Так собиралась моя симфония — из самых неожиданных поворотов. Все то время, что я жил у моего дяди в маленькой студии на отшибе Копенгагена, я мысленно вил мою «Копенгагу»: подхватывал крючком тот или иной звук, подтягивал его и завязывал в узелок, сплетал, к примеру, взвизг пилы с криком чайки, или намазывал гул самолета на суховатый скрип кузова мусороуборочной машины, а под боёк тарахтящего мопеда подкладывал пистон медленно падающего ящика с конвейерной ленты упаковочной фабрики, на которой работал мой дядя…

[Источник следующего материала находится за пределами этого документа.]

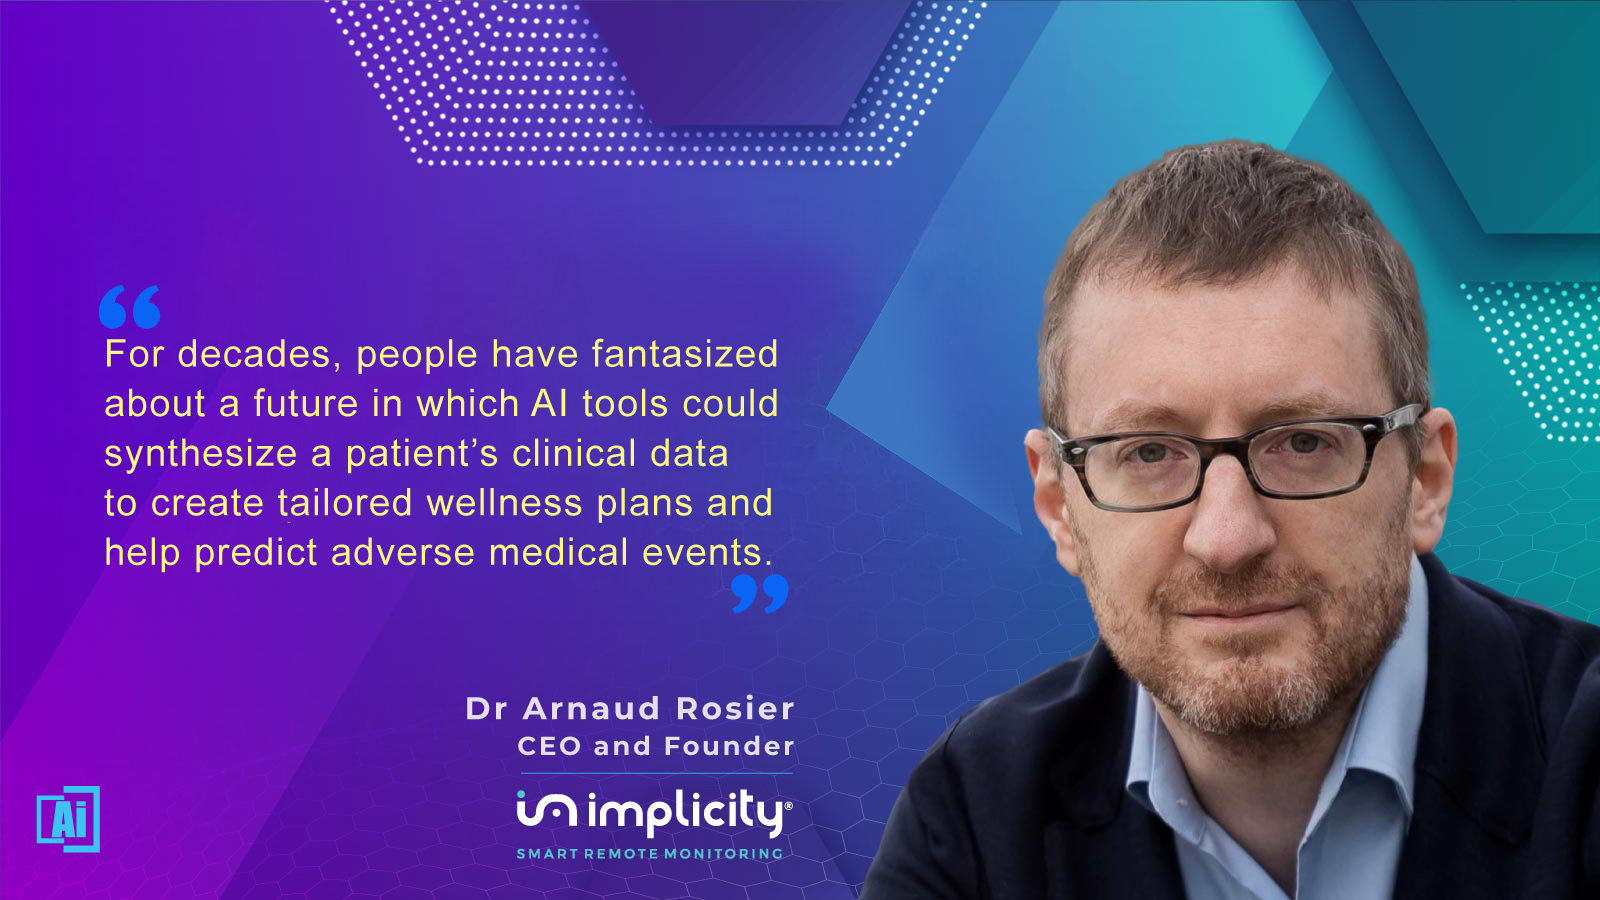 Dr. Arnaud Rosier, CEO & Founder at Implicity

Он брал меня с собой иногда, в ночную смену, потому что:
— Было бы лучше, если б ты был со мной этой ночью, — говорил он (не доверяет). — Все-таки студия, в которой я временно живу, не предназначена для ночевок… Видишь ли, это такая студия… Потому хотя бы раз в неделю пусть там действительно никто не живет. Да и мне с тобой веселей!.. И ты посмотришь, что такое датская фабрика, а?
Я ничего не имел против; датская фабрика — отлично! Послушно ходил, собирал звуки, настойчиво вслушивался, как вибрирует под моей кожей двигатель машины, приводящей в движение конвейер, волоски на коже дрожали, сквозь нее проступали капилляры…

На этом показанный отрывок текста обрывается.